The building was designed in the medieval style, built in rubble masonry and was completed in around 1605. The building originally faced east. Internally, the principal room was the courtroom, where the portreeve and 12 aldermen of the borough met, on the first floor. The room also served as the venue for the bi-annual meetings of the court leet, and, on occasion, was used as a mortuary for sailors whose bodies had washed ashore on nearby beaches following shipwrecks.

The building also incorporated the local public house, which was known as the New House Tavern (Ty Newydd) until the late 18th century, when it was renamed The Prince of Wales Inn (Tafarn y Tywysog Cymru), in honour of the then Prince of Wales. The building was remodelled at a cost of £400, so that it faced south, in 1808.

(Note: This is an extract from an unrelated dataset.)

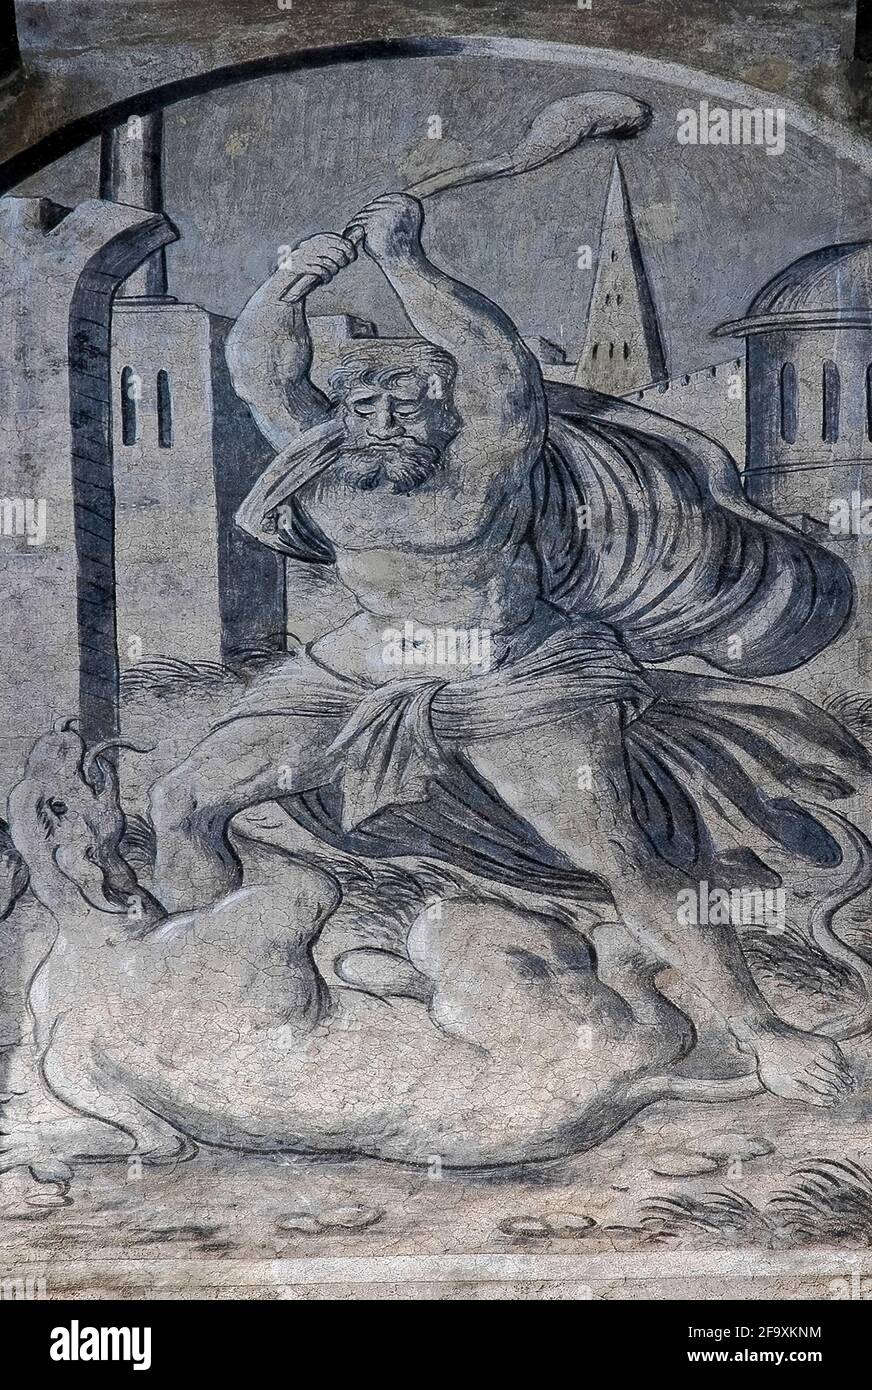 Heracles o Hércules, el gran héroe de la antigua mitología griega y romana,  se encuentra con un animal en este cuadro de 1571 de chiaroscuro en la  fachada renacentista del Ayuntamiento Antiguo

The new design involved an asymmetrical main frontage of three bays. There was a doorway to the left of the central bay. The building was fenestrated by paned casement windows with voussoirs on both floors. The new courtroom was accessed using an external staircase at the east end of the building. Sunday School classes were held in the courtroom from 1864. The borough council, which had met in the courtroom, was abolished under the Municipal Corporations Act 1883. Its assets, including the building, were transferred to a specially-formed entity, the Kenfig Corporation Trust, in 1886. By the late 19th century, the building was in a dilapidated state, but it has since been restored and the whole building now operates as a public house.

Objects of interest in the building include a pewter copy of the municipal ceremonial mace, the original of which was acquired in 1714 and is now kept in the Amgueddfa Cymru – Museum Wales.